- Stored data:
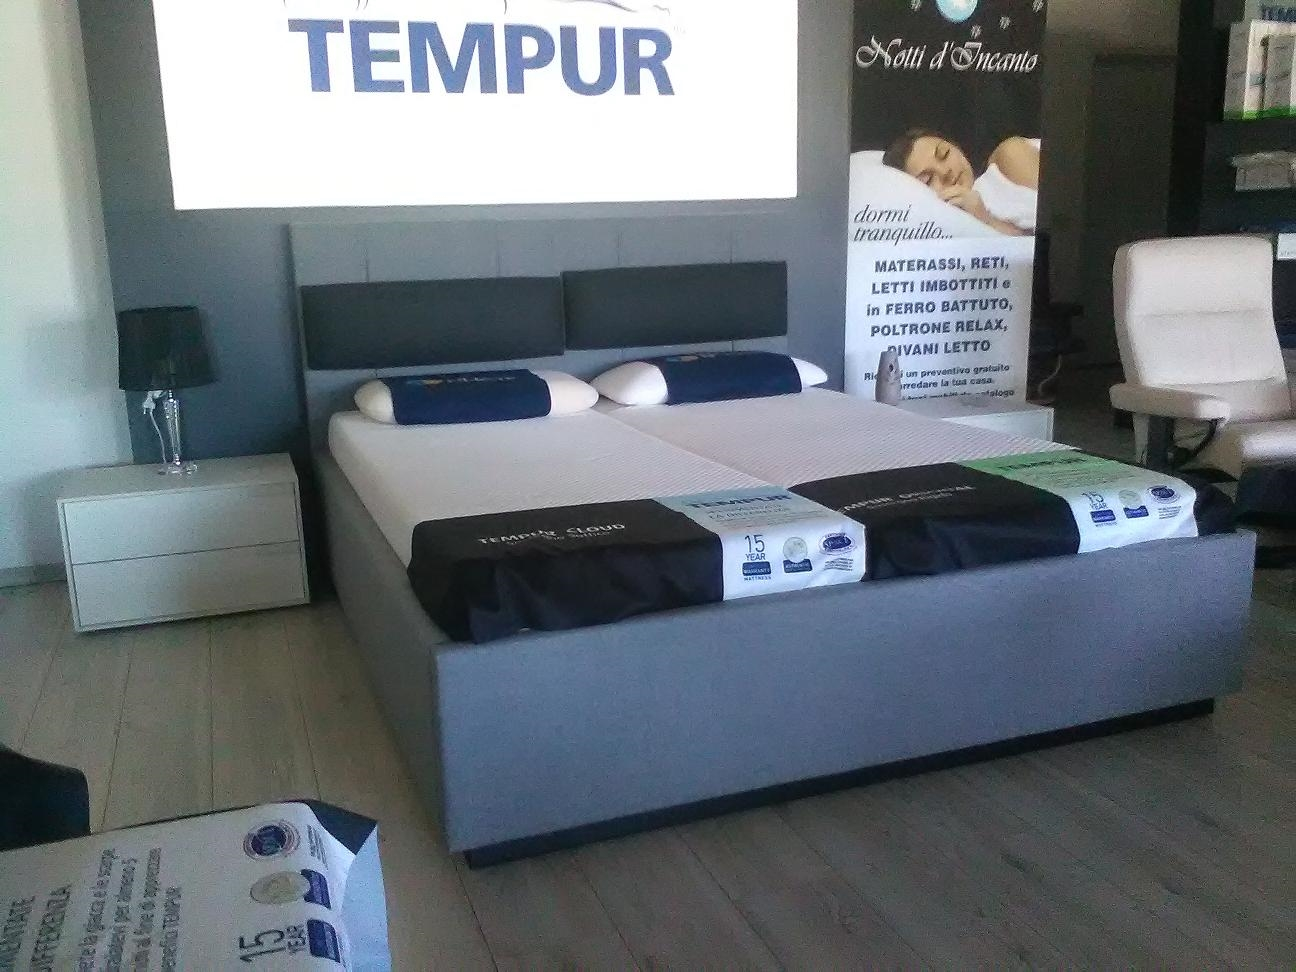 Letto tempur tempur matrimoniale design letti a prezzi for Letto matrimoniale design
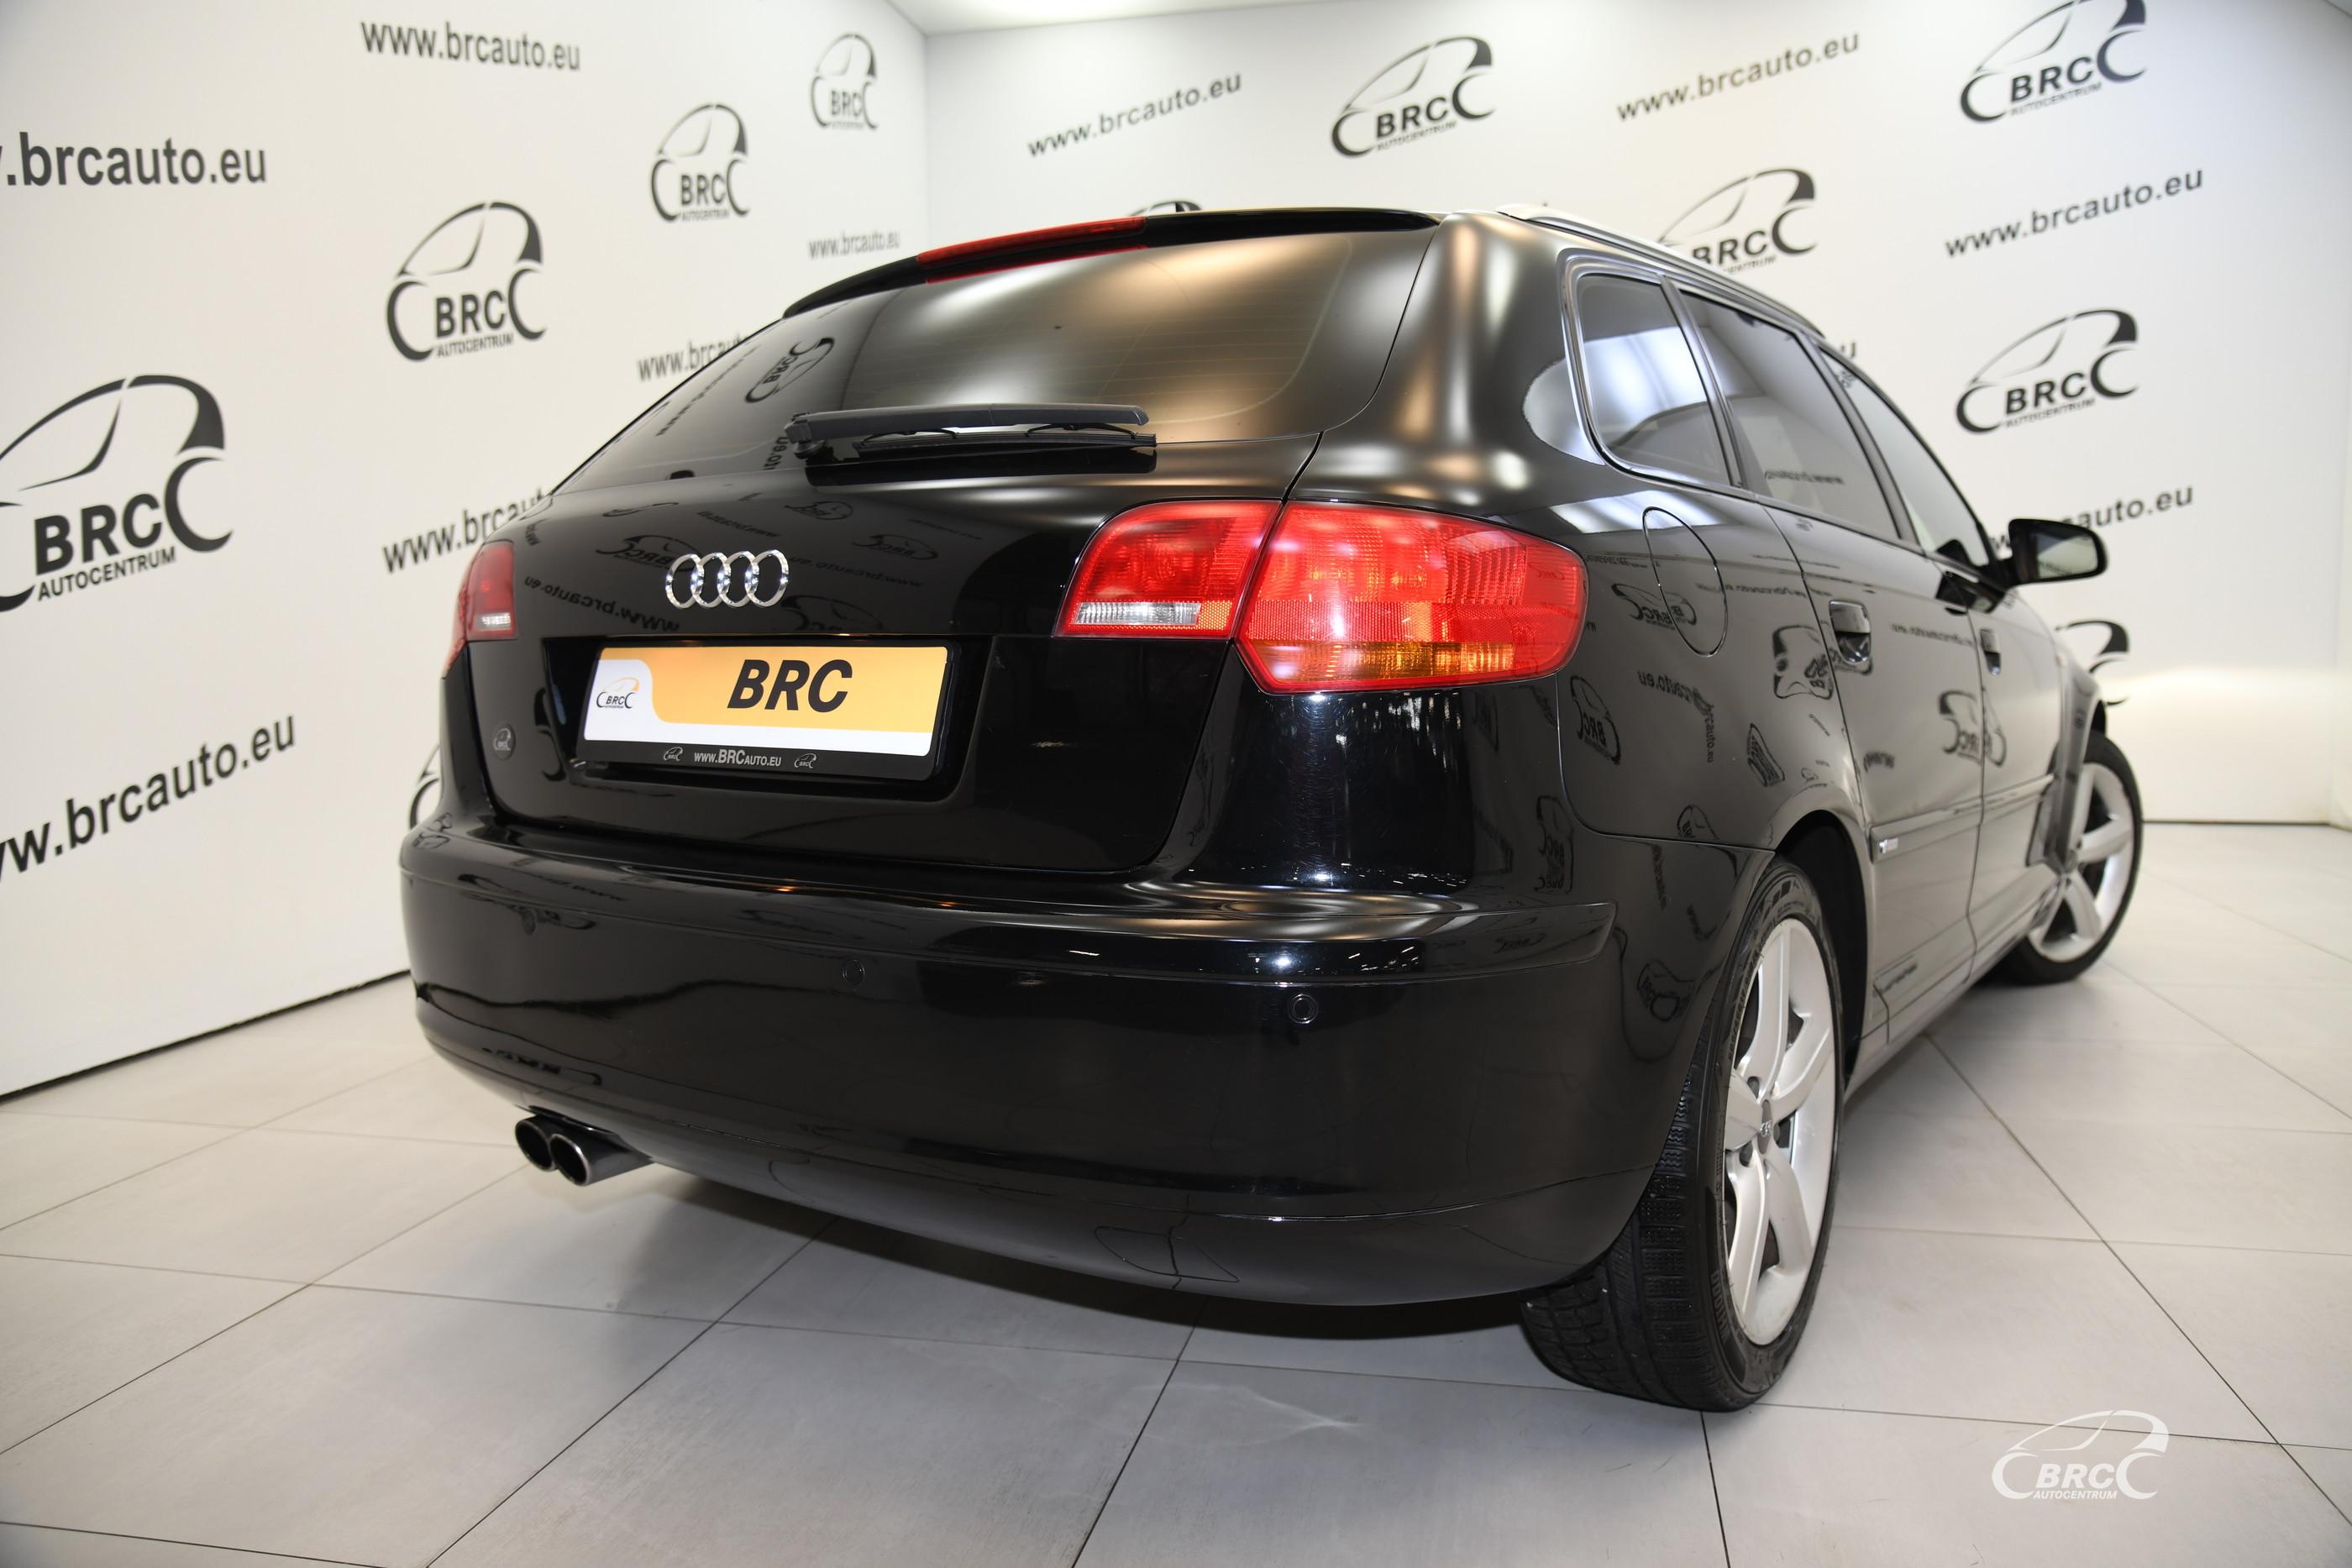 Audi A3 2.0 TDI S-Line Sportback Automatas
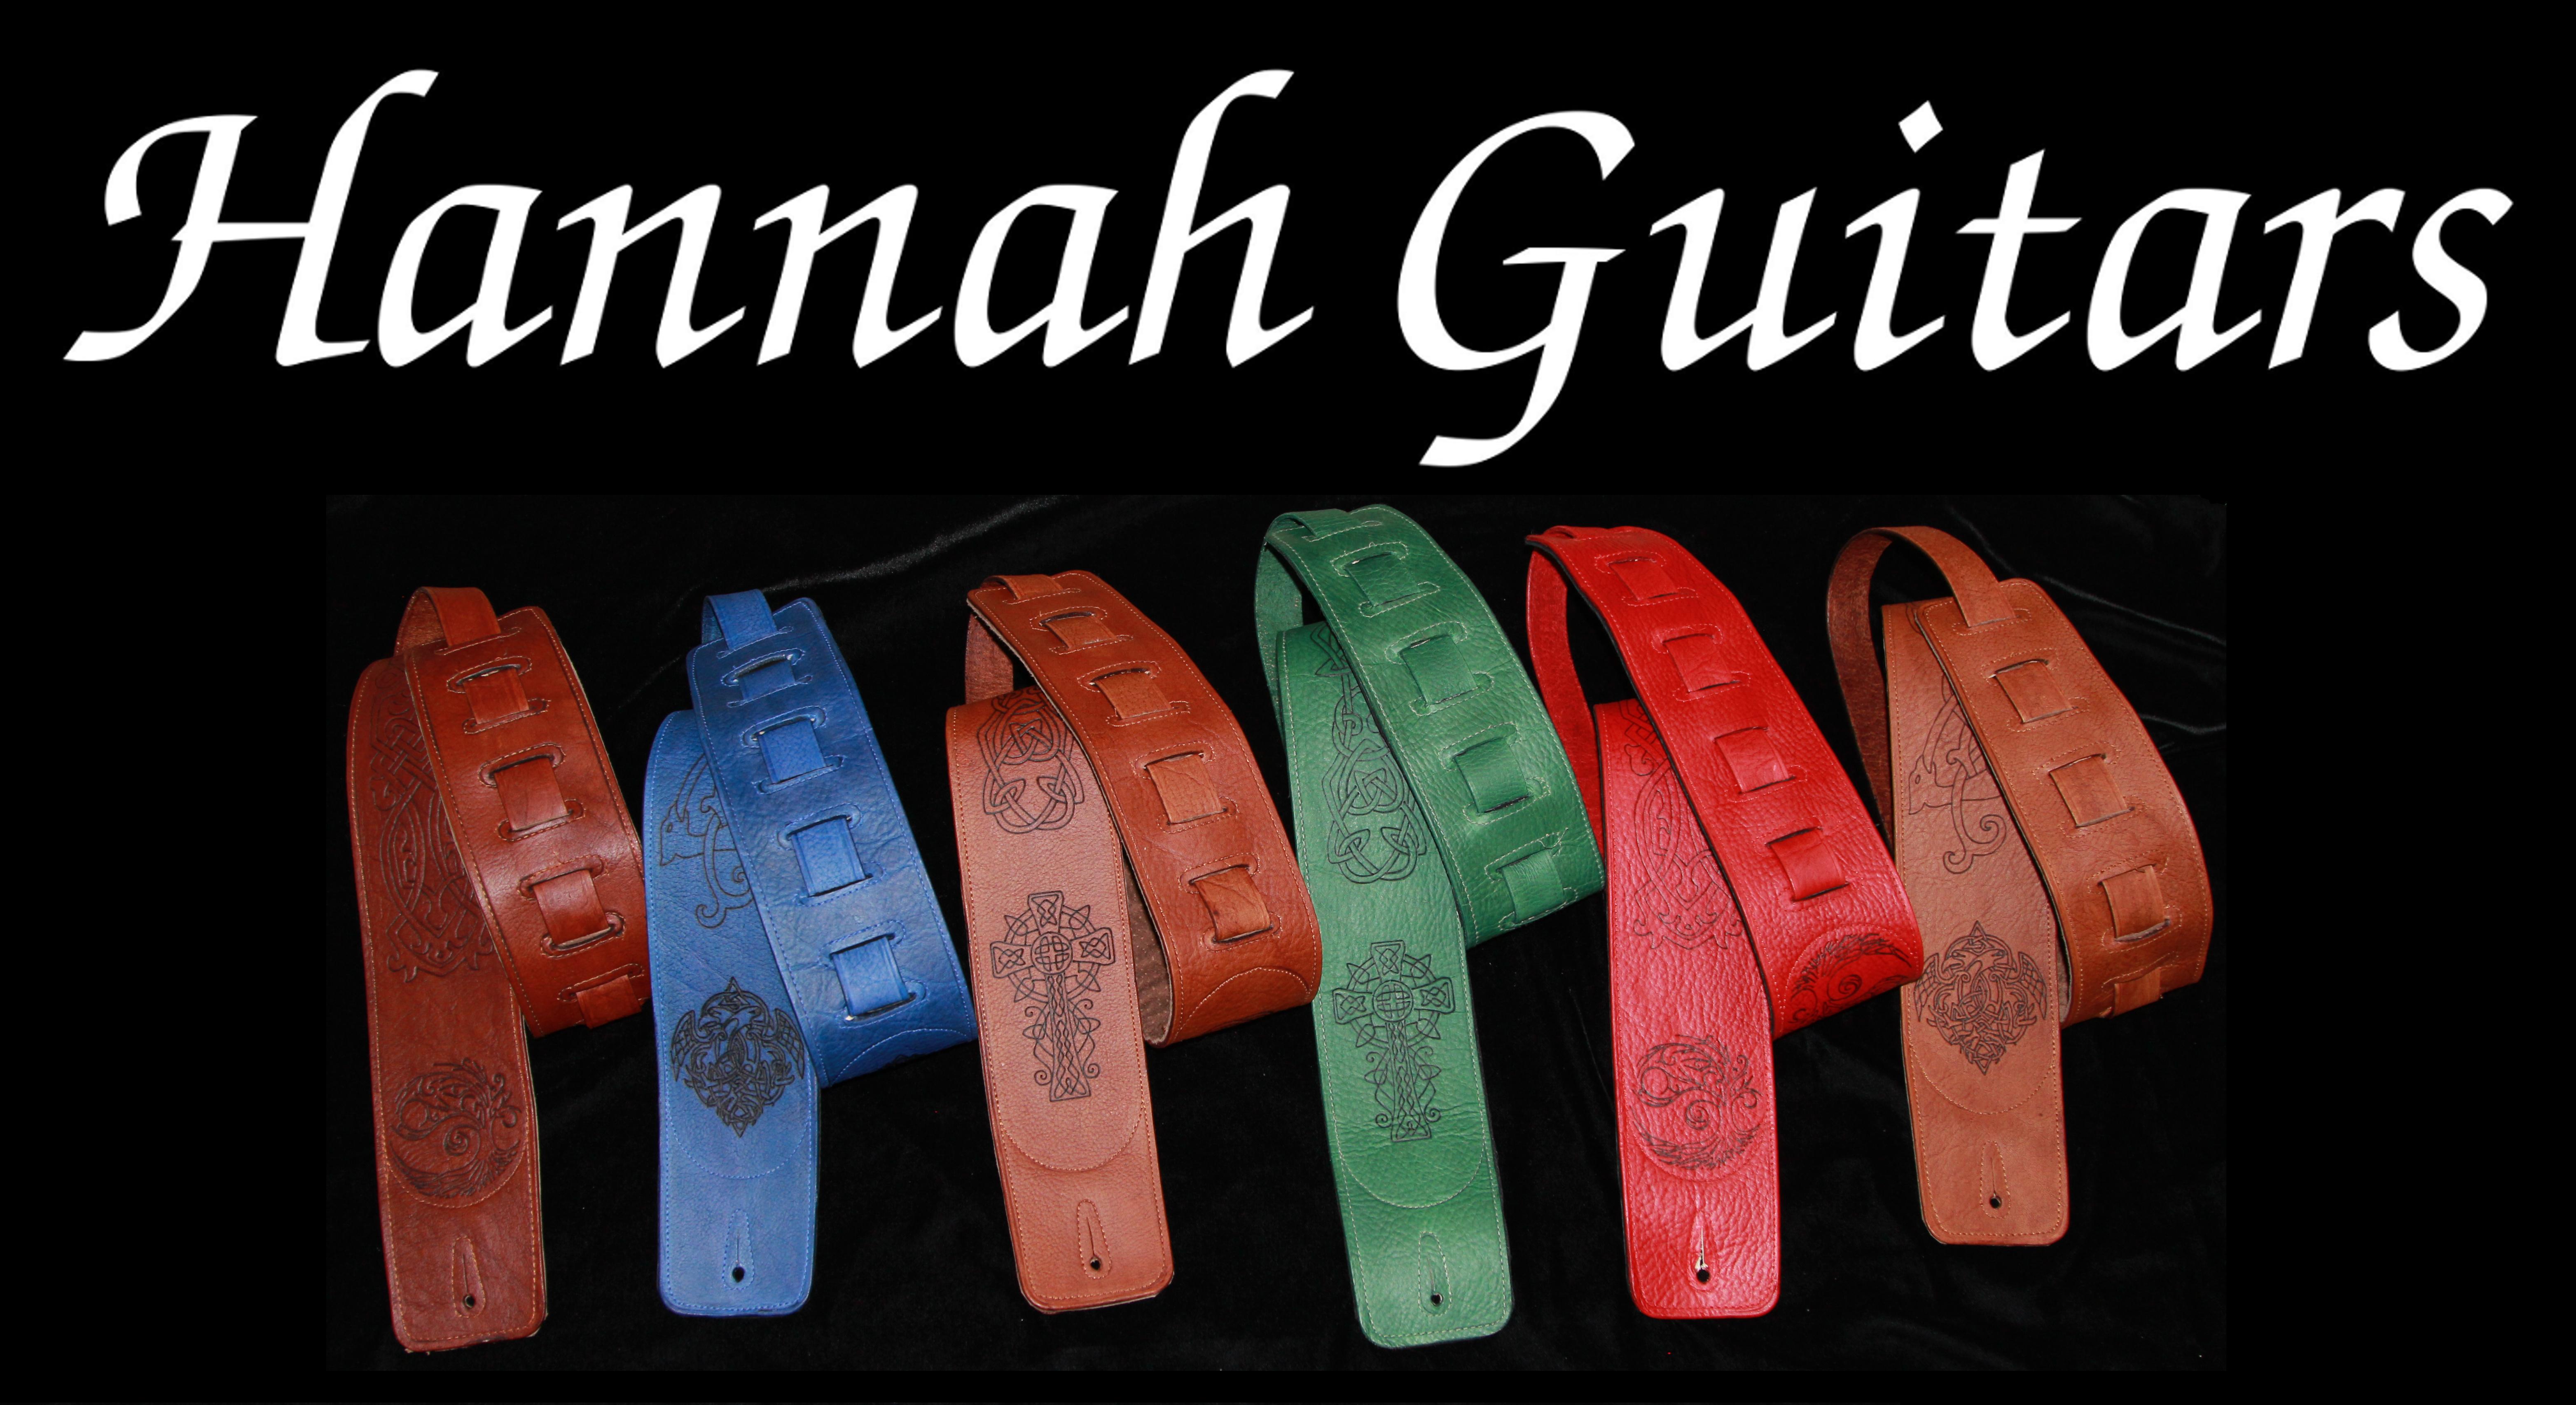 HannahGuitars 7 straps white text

- What is being asked: Leave the pictures out and copy the rest of the data exactly.

- Answer to this problem:
 Letto tempur tempur matrimoniale design letti a prezzi for Letto matrimoniale design
 Audi A3 2.0 TDI S-Line Sportback Automatas
 HannahGuitars 7 straps white text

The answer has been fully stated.